§ **What to produce**: Produce a word-for-word copy of the line that contains "A companion dog" and each line after it through the end of the material, omitting pictures and all other lines.

§ **Data excerpt**:
---------------
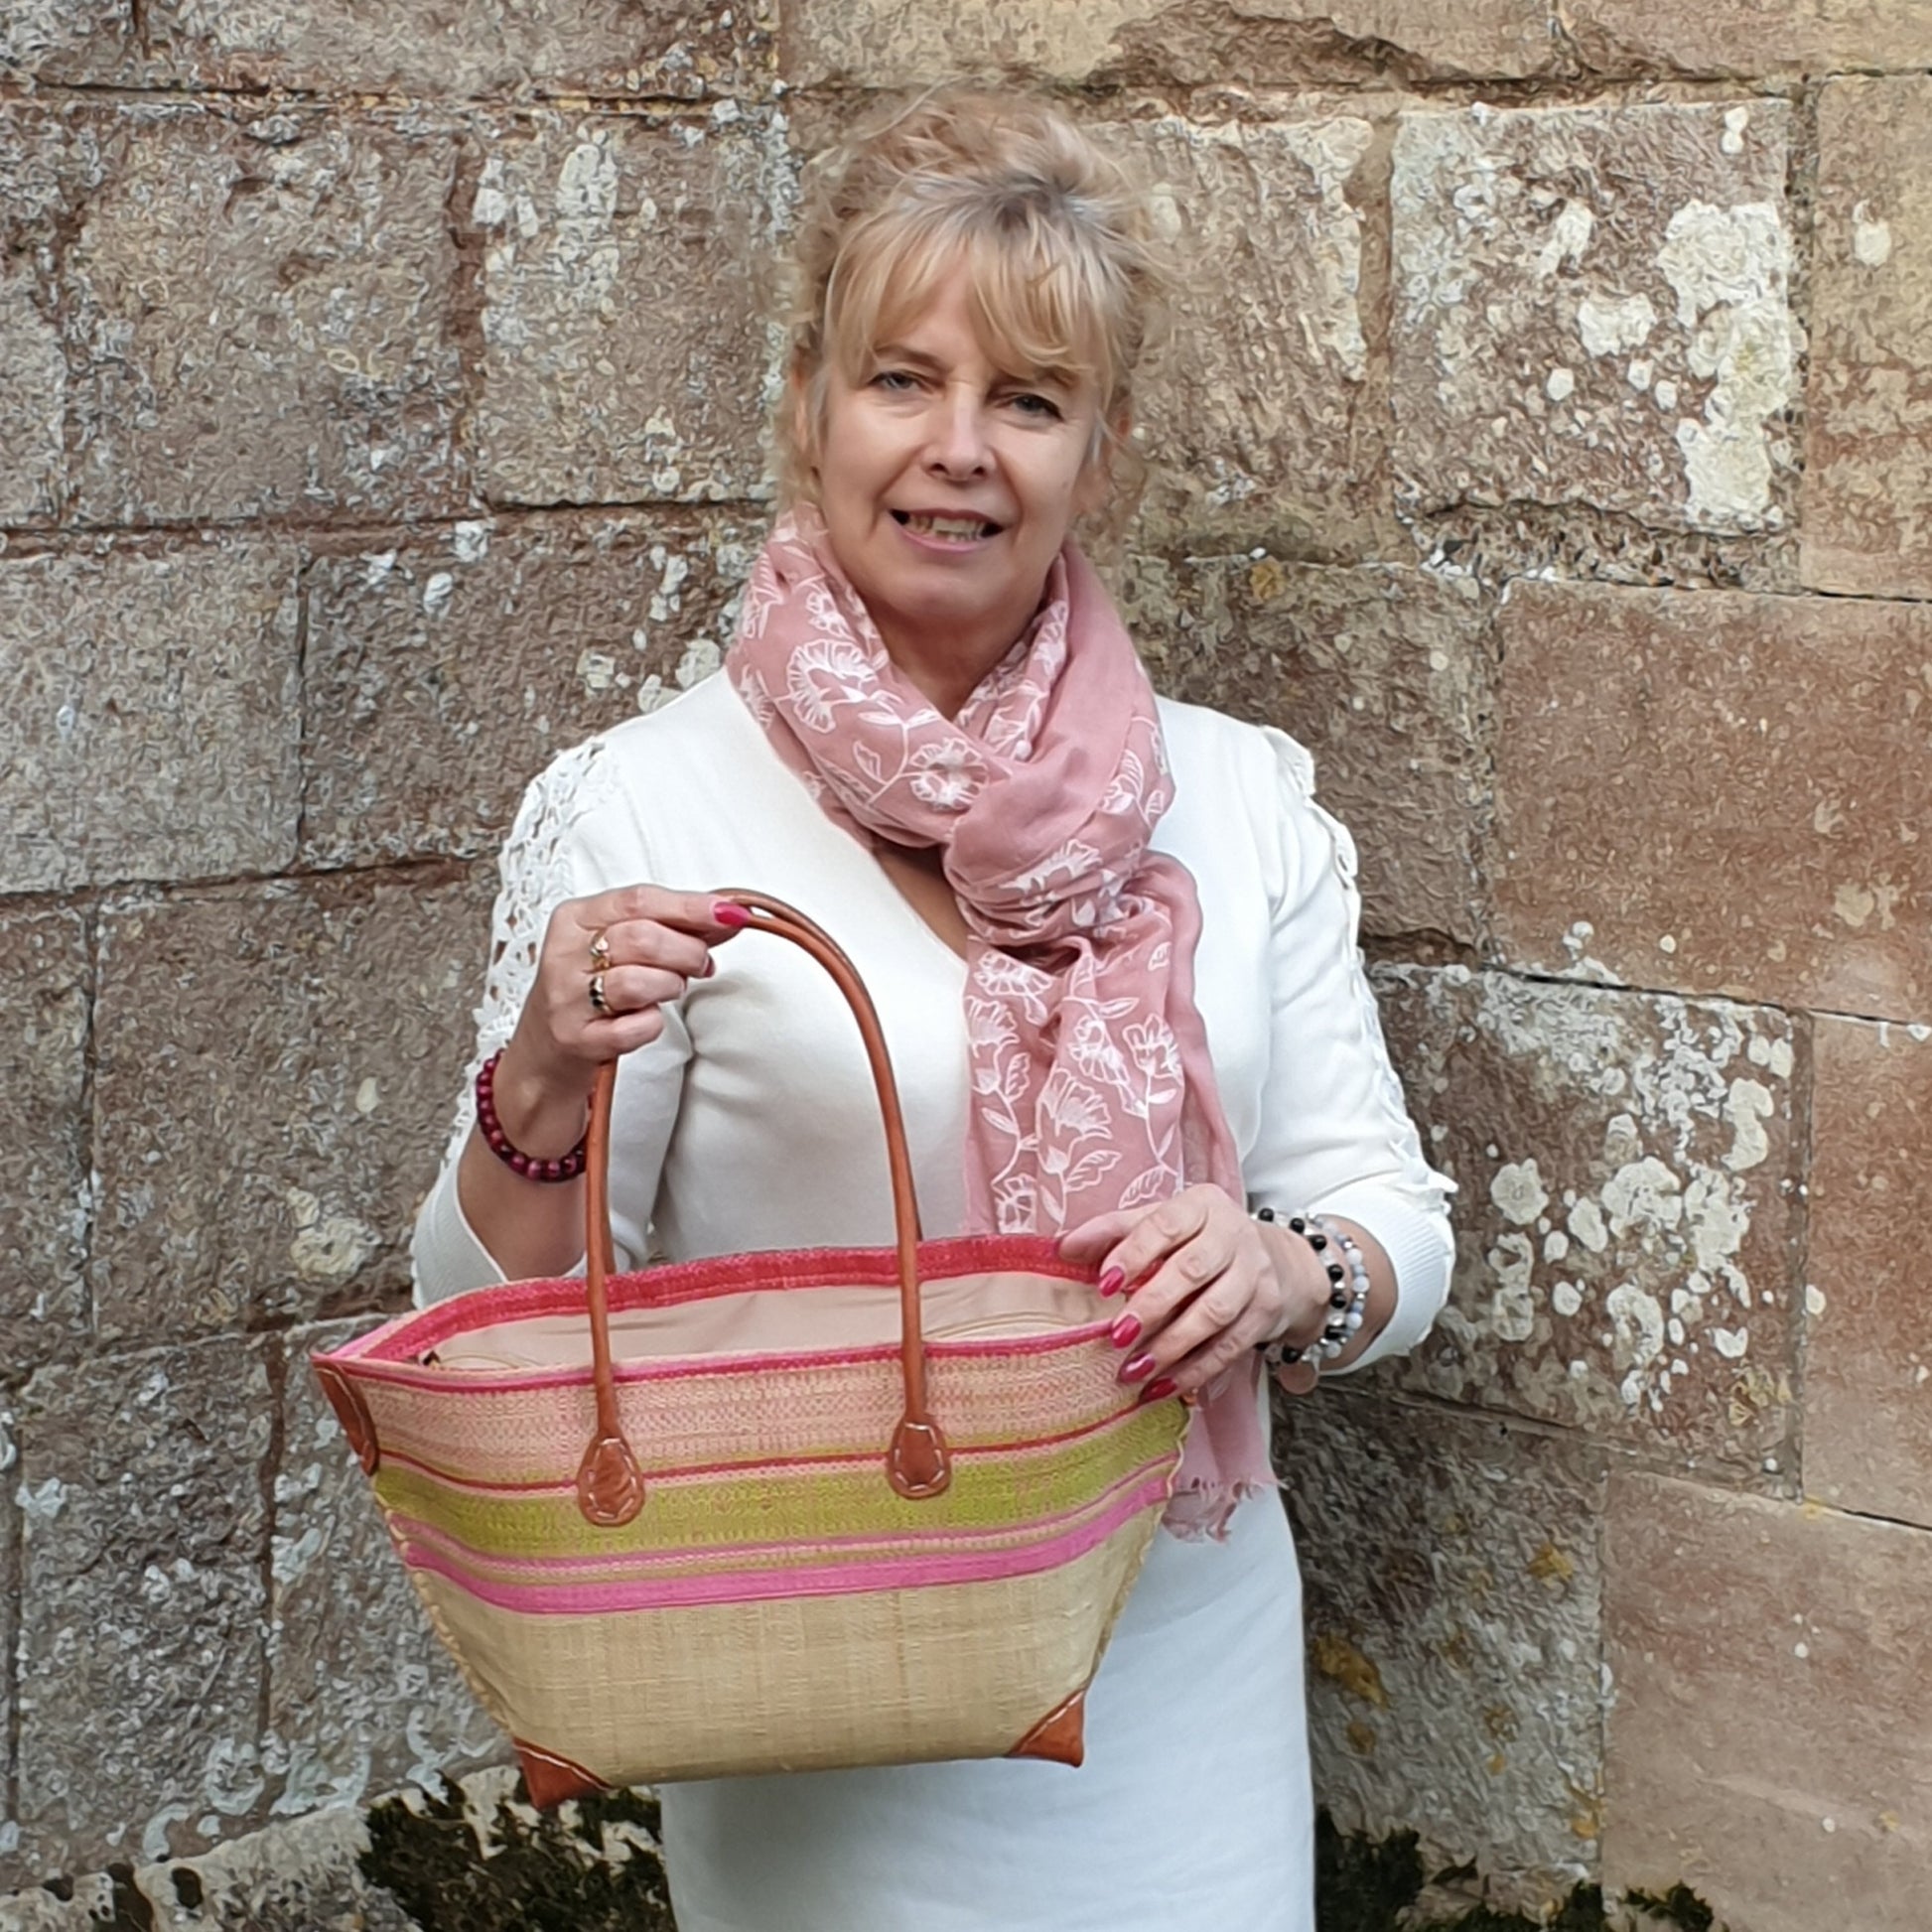 Lady wearing pink scarf and carrying a pink striped raffia basket
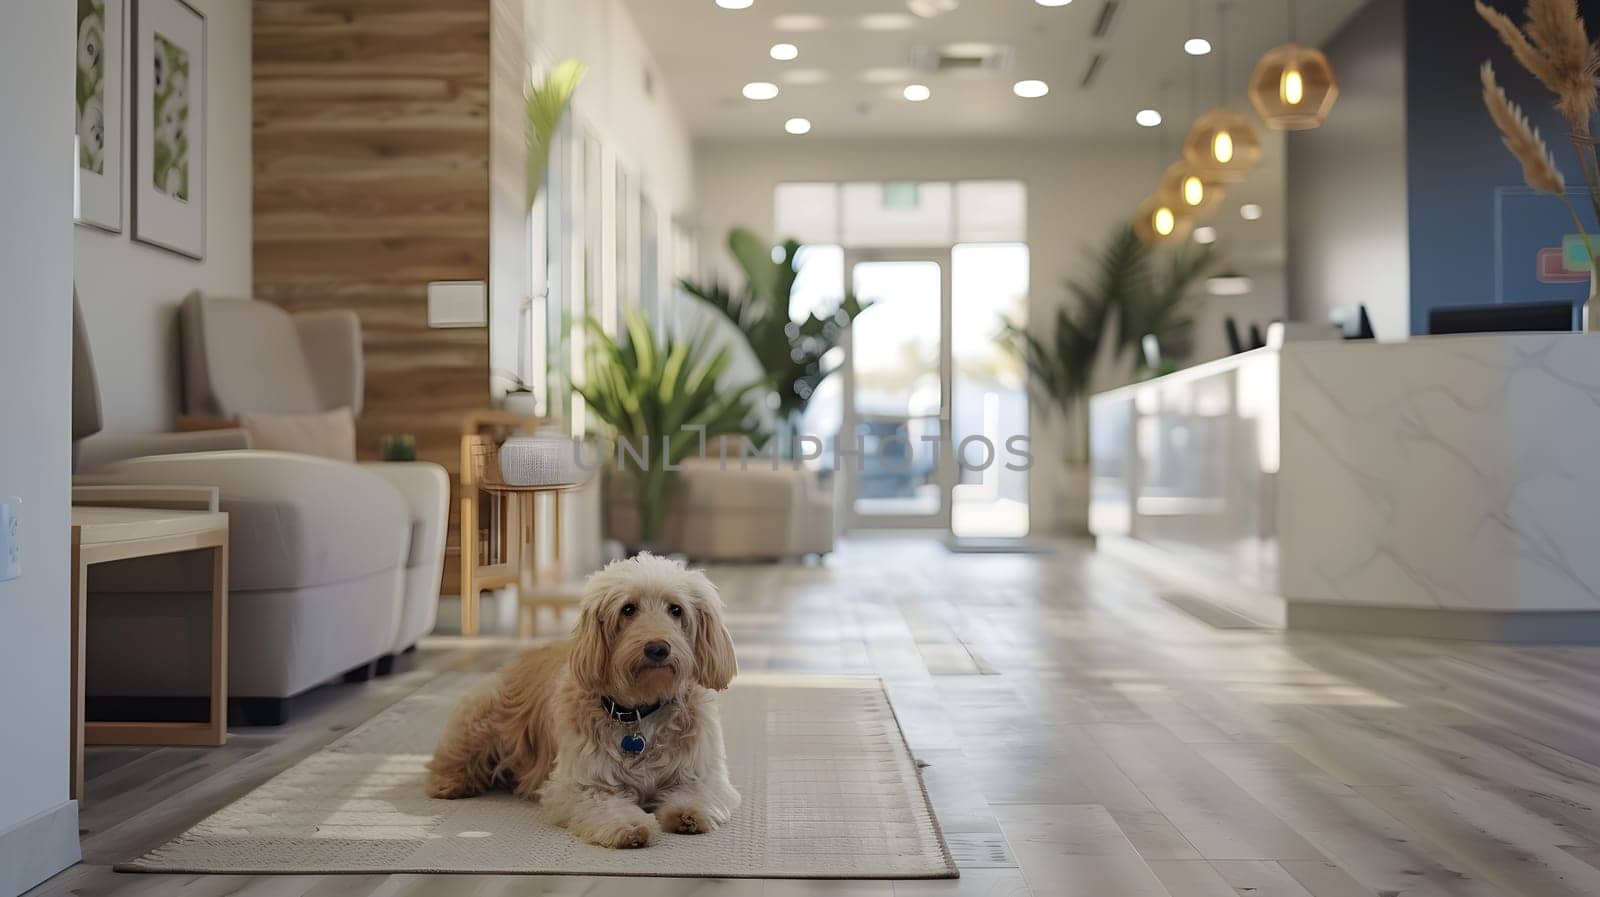 A companion dog is resting on a hardwood floor in a buildings waiting room, surrounded by plants and wood accents
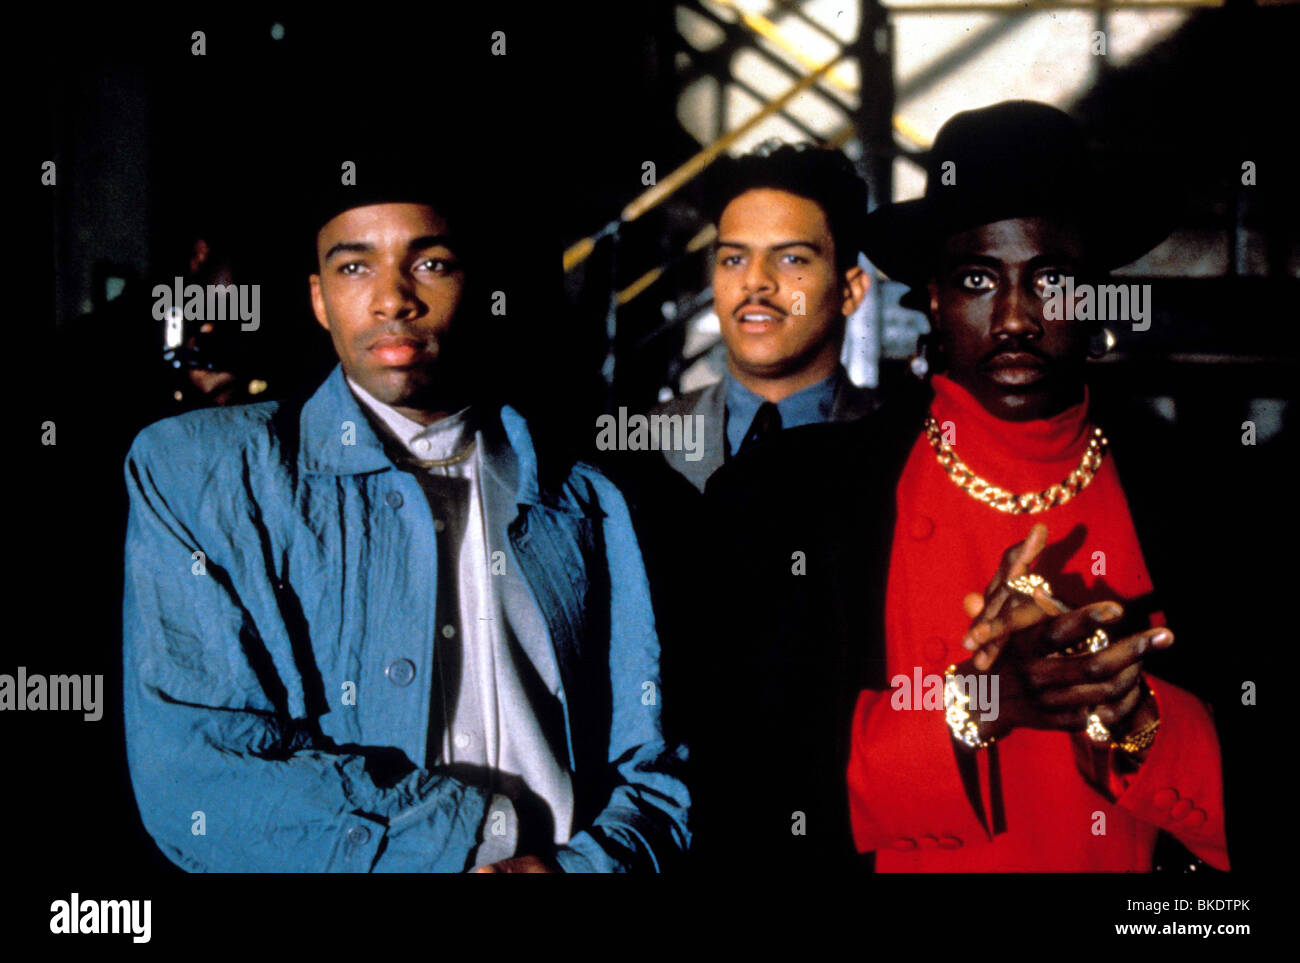 New jack city High Resolution Stock Photography and Images   Alamy 1300x963
---------------
§ **Task answer**:
 A companion dog is resting on a hardwood floor in a buildings waiting room, surrounded by plants and wood accents
 New jack city High Resolution Stock Photography and Images   Alamy 1300x963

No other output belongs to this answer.